3.1.3. Extract Specific Data

Once you understand the data structure, you can extract exactly what you need:

Extract specific files for selected subjects:

# XCP-D example
input_dir=/path/to/ephemeral/clone
output_dir=/path/to/your/cubic/project
file_pattern="xcpd*/sub-*/func/sub-*_task-rest*space-fsLR_seg-Glasser_stat-pearsoncorrelation_relmat.tsv"

bash unzip_files.sh ${input_dir} ${output_dir} subject_list.txt "${file_pattern}"

Extract specific files for all available subjects:

# Omit the subject list to process all subjects
bash unzip_files.sh ${input_dir} ${output_dir} "${file_pattern}"
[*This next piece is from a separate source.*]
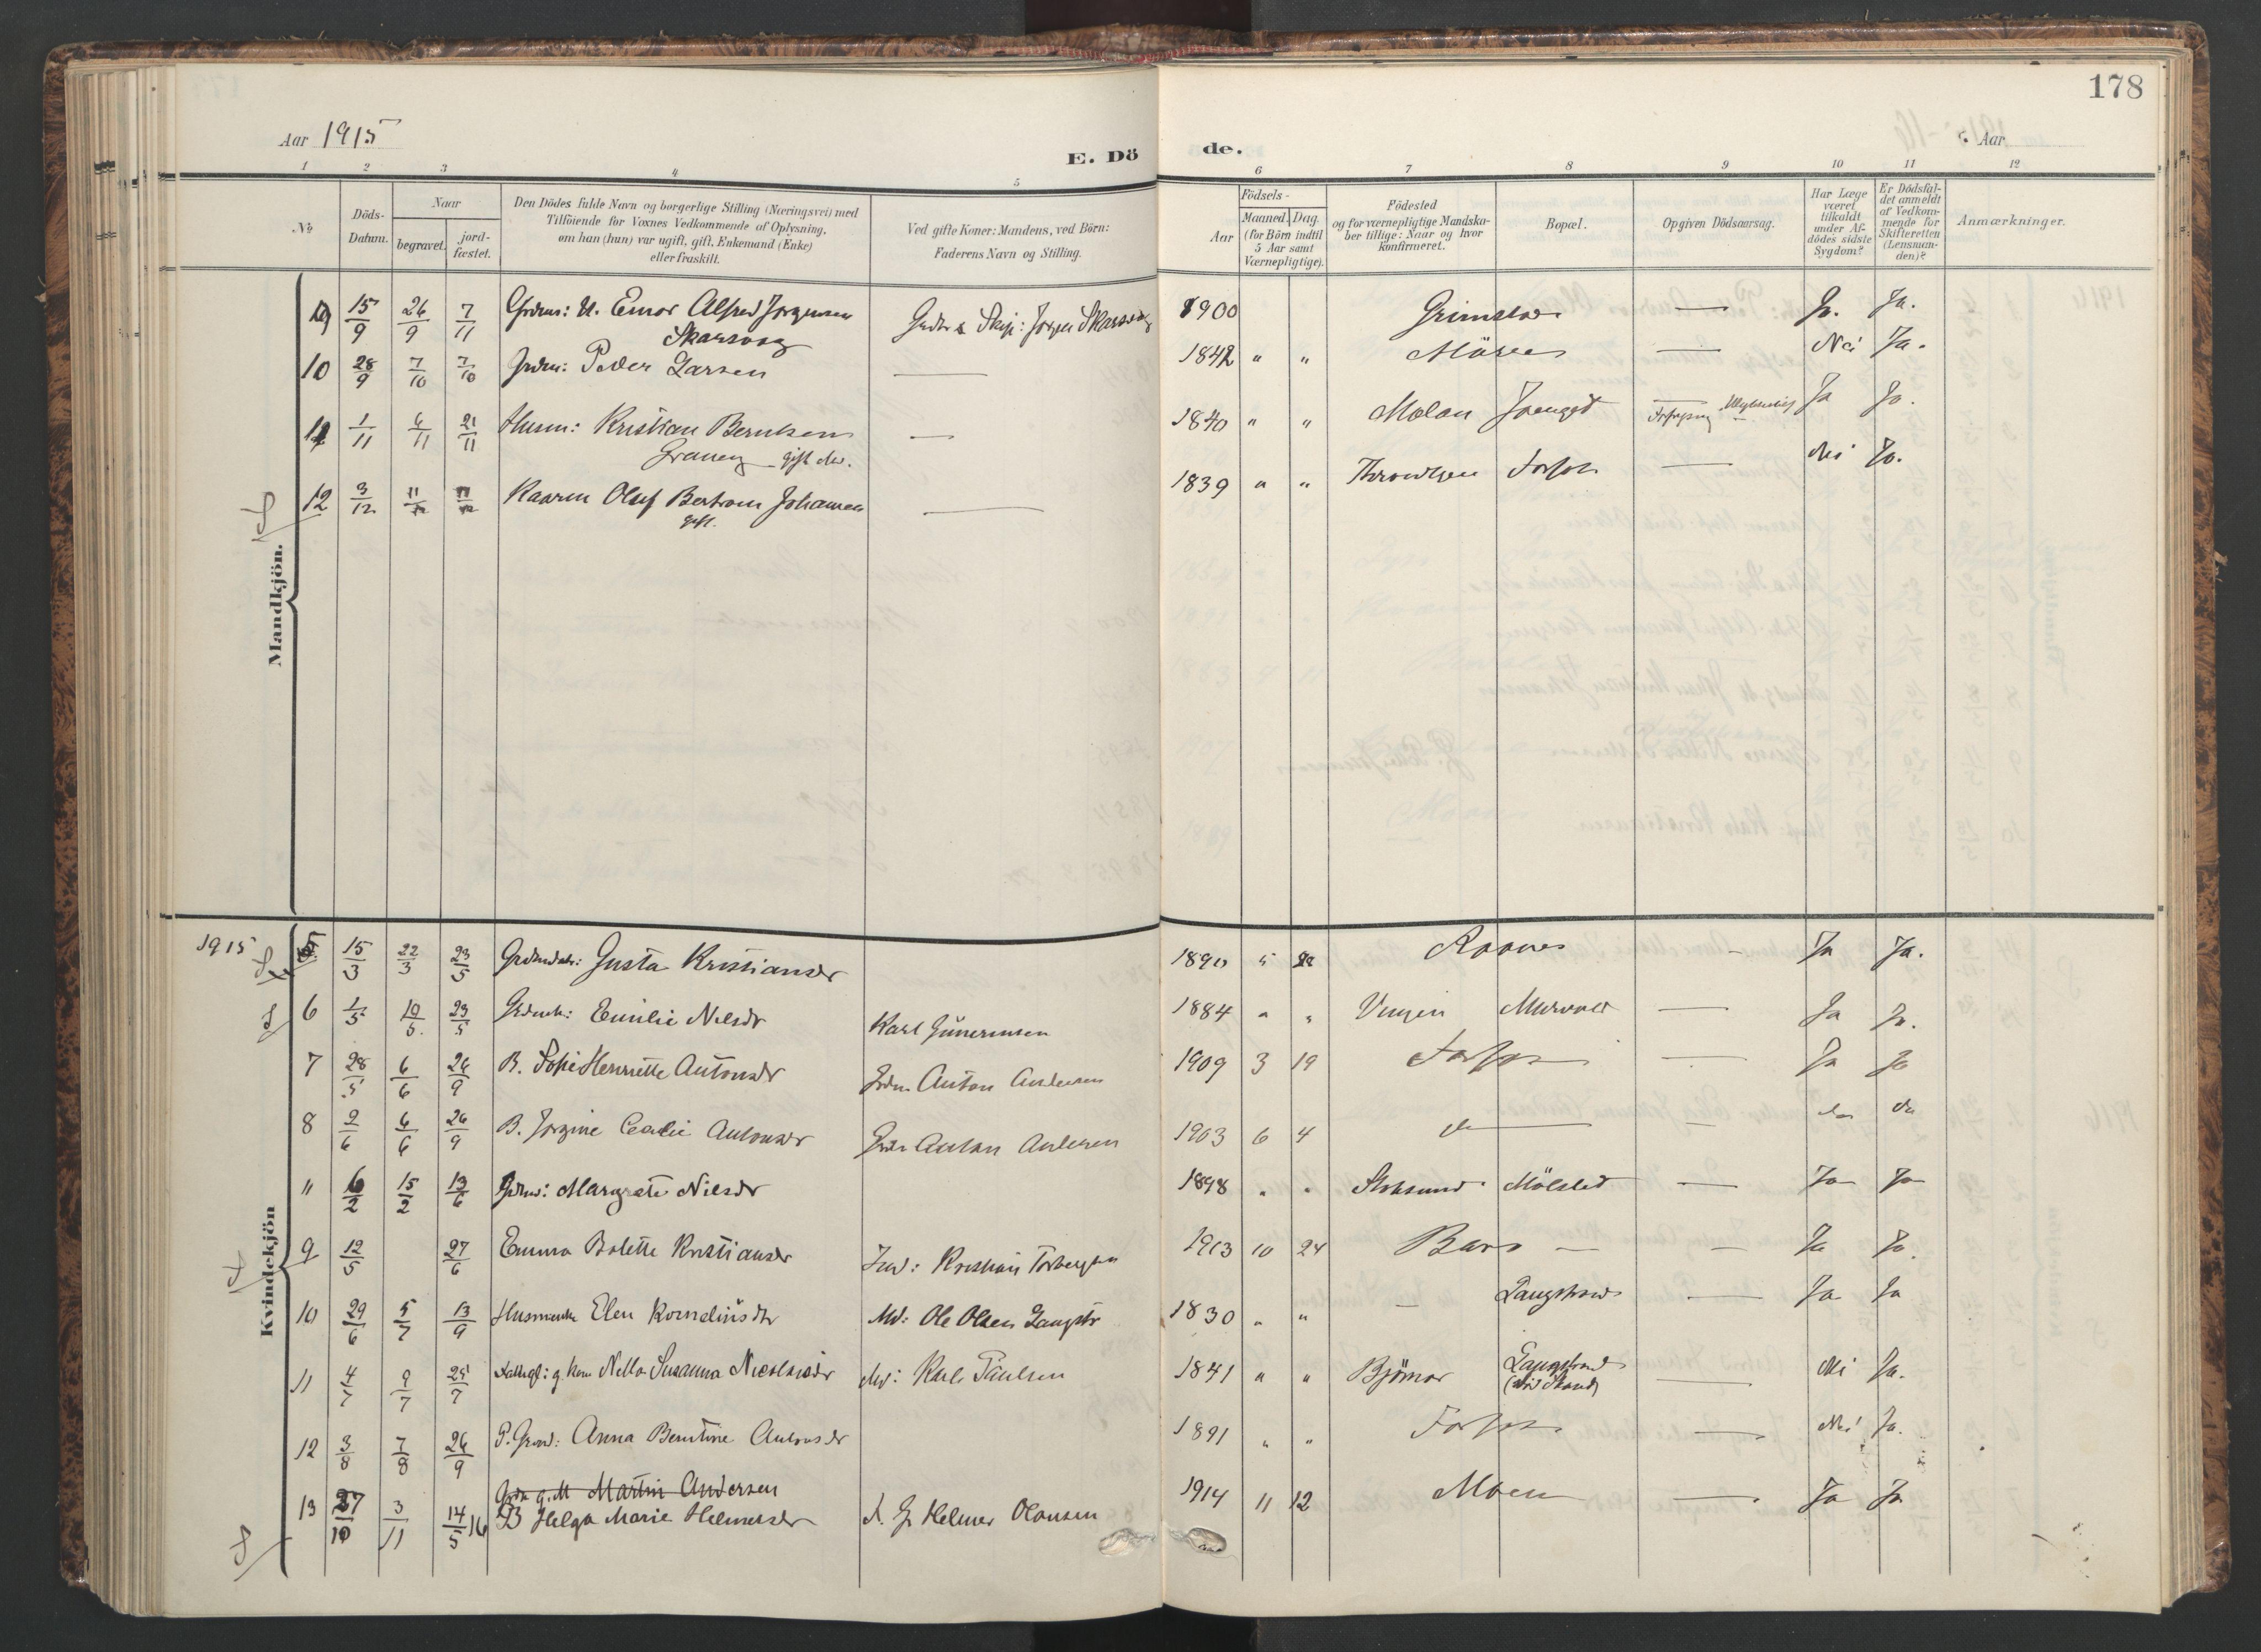 SAT, Ministerialprotokoller, klokkerbøker og fødselsregistre - Sør-Trøndelag, 655/L0682: Ministerialbok nr. 655A11, 1908-1922, s. 178

3.2. Get data with DataLad

This section provides instructions in case you prefer to use DataLad.

Pros:

  • Full data provenance tracking

Cons:

  • Some knowledge of datalad, git, git annex

3.2.1. Prerequisites

Know the path to the datalad datasets: see example CCNP

Install DataLad

Follow the instructions here to get datalad installed.

Accessing AI2D data via DataLad happens in two steps. You will first clone a AI2D data repository. This will make a copy of the AI2D file layout, but none of the actual data will be present. The next step is to get your data, which tells DataLad to download the content of specific files to your copy. Once the file content is present in your copy, you can use AI2D data just like any other set of files.

3.2.2. Example walkthrough

$ datalad clone \
    ria+file:///cbica/projects/pennlinc_rbc/datasets/LINC_CCNP/derivatives/xcpd-0-10-6-babs/output_ria#~data \
    ccnp_xcpd

[INFO   ] Configure additional publication dependency on "output-storage"                                                                           
configure-sibling(ok): . (sibling)
install(ok): /cbica/projects/pennlinc_rbc/ccnp_xcpd (dataset)
action summary:
  configure-sibling (ok: 1)
  install (ok: 1)

$ cd ccnp_xcpd
$ datalad get sub-colornest001_ses-1_xcpd-0-10-6.zip
get(ok): sub-colornest001_ses-1_xcpd-0-10-6.zip (file) [from output-storage...]

$ datalad drop sub-colornest001_ses-1_xcpd-0-10-6.zip
drop(ok): sub-colornest001_ses-1_xcpd-0-10-6.zip (file)